WORK ORDER
Your copy must hold all of the data below, unchanged and without images.

DATA BLOCK
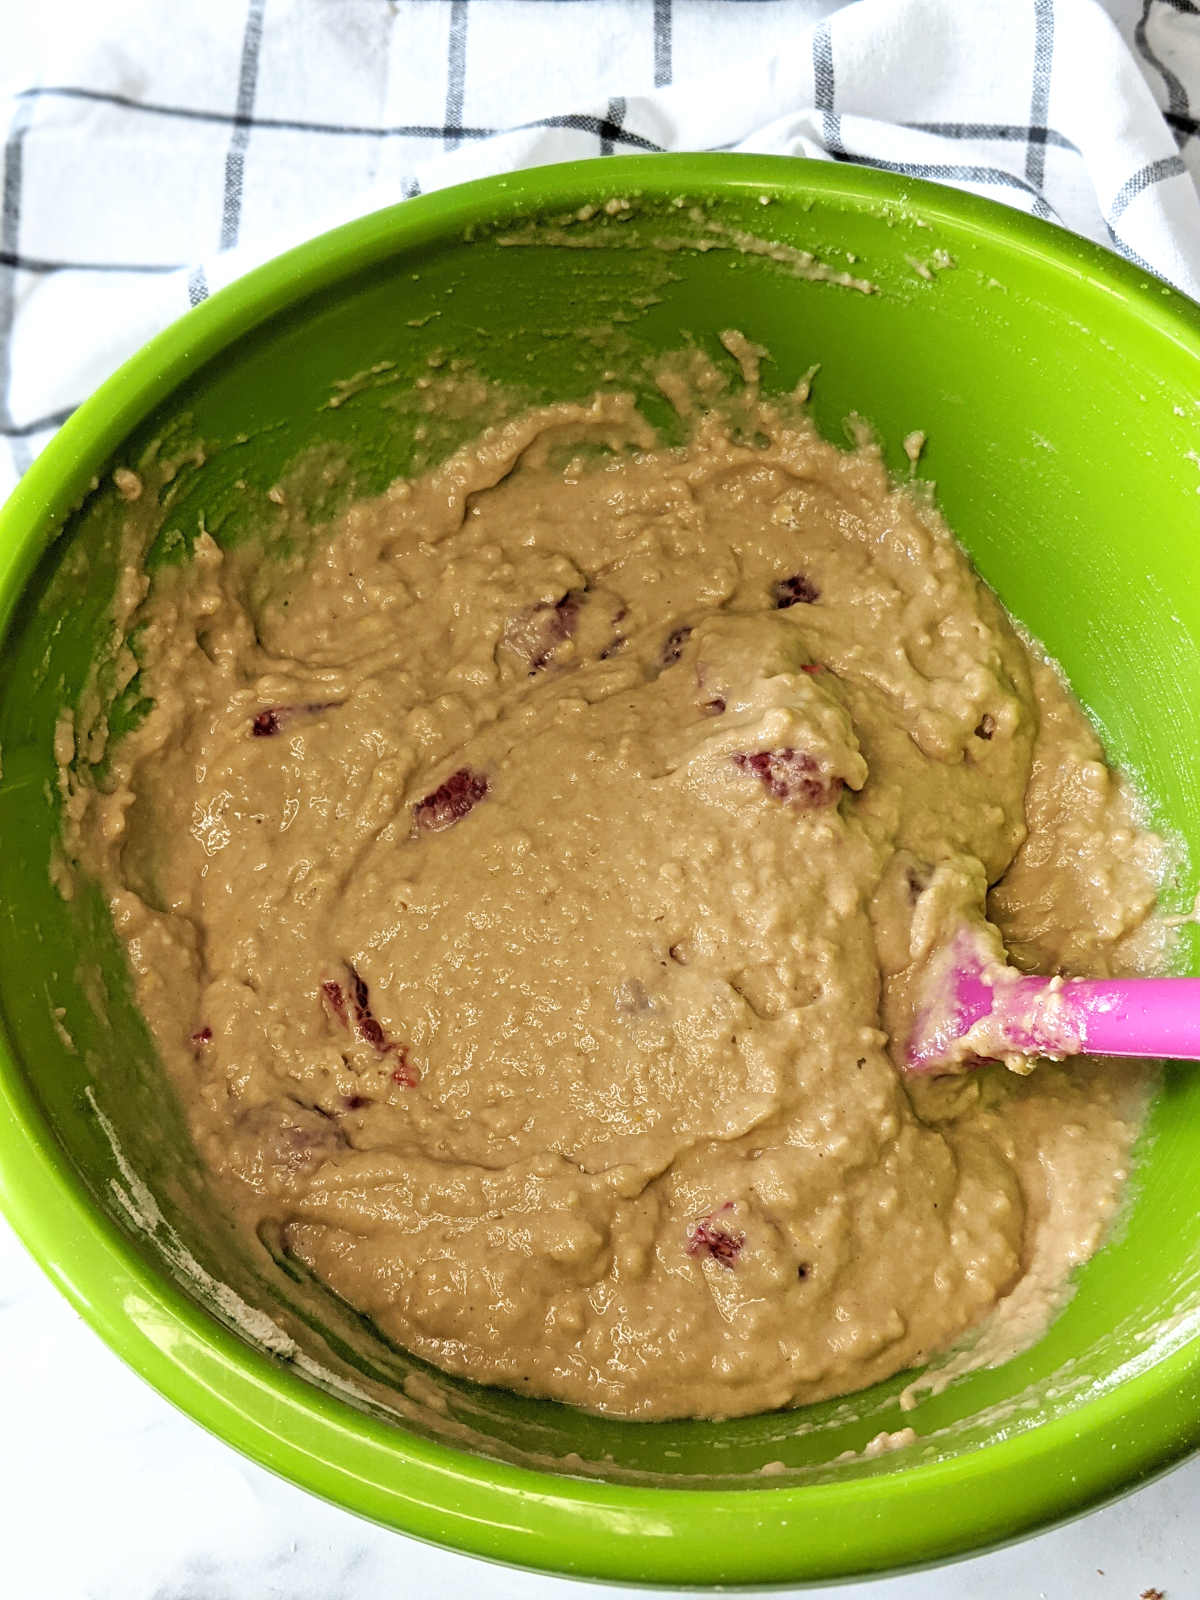 Raspberries mixed into the muffin batter in a large bowl.
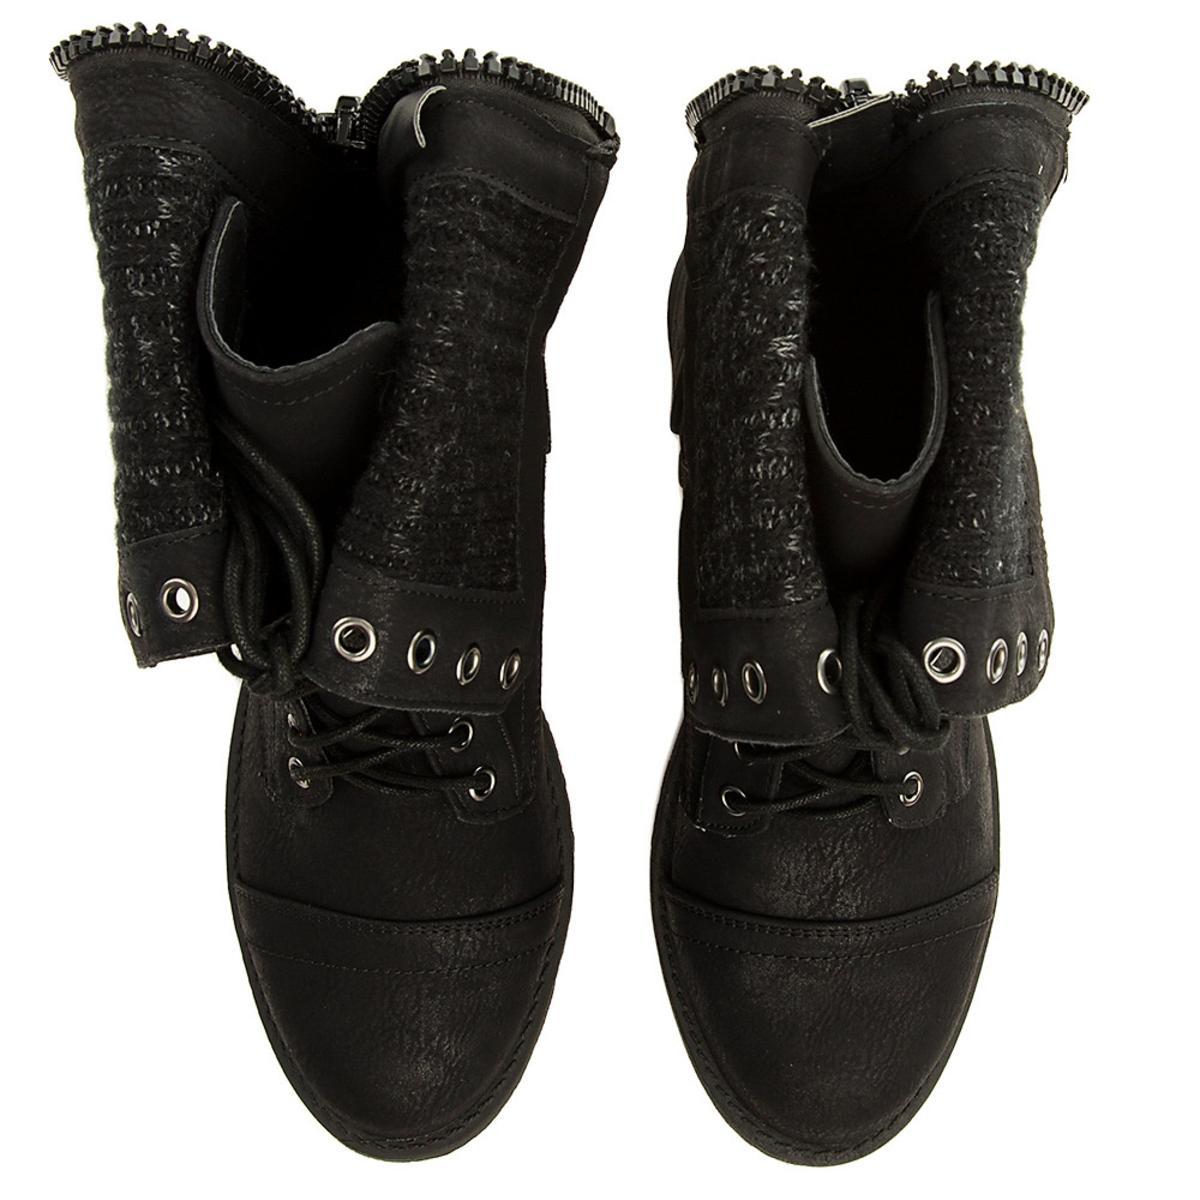 Star-8 Lace-Up Boot Black
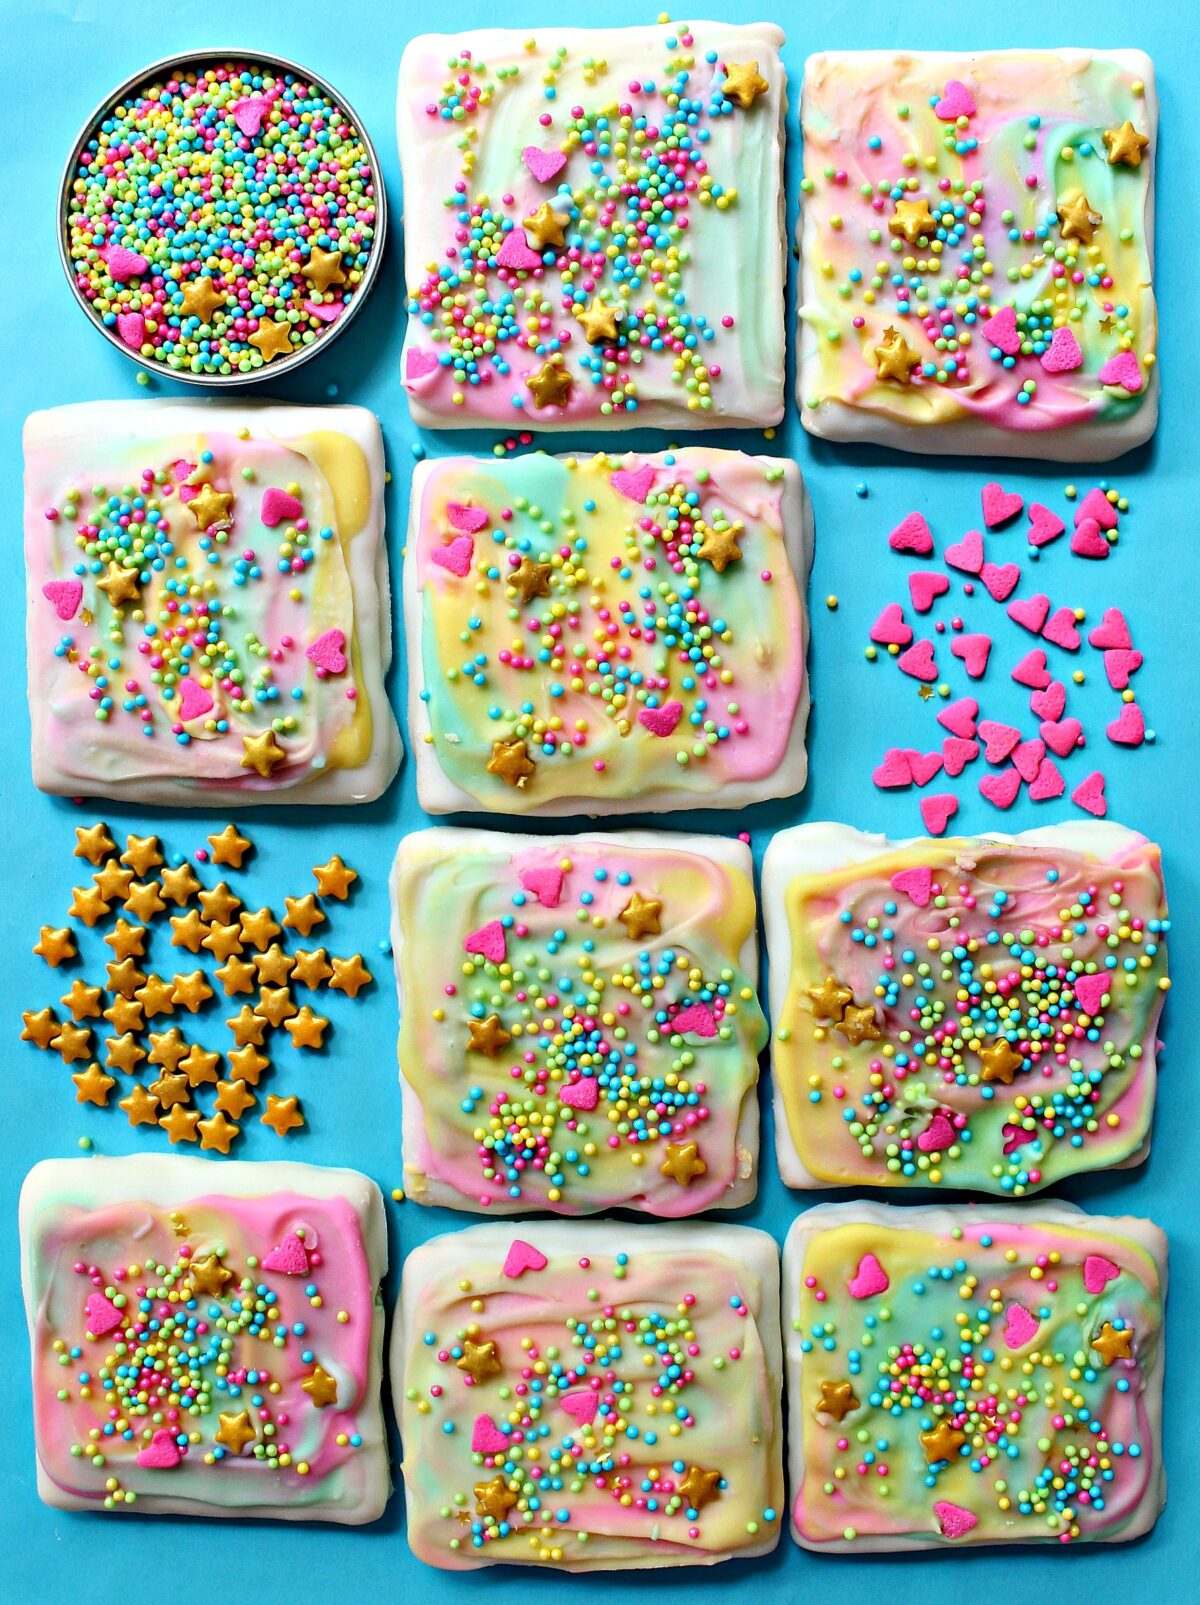 Unicorn Graham Crackers are square grahams topped with colorful white chocolate swirls and sprinkles.

WORKED SOLUTION
 Raspberries mixed into the muffin batter in a large bowl.
 Star-8 Lace-Up Boot Black
 Unicorn Graham Crackers are square grahams topped with colorful white chocolate swirls and sprinkles.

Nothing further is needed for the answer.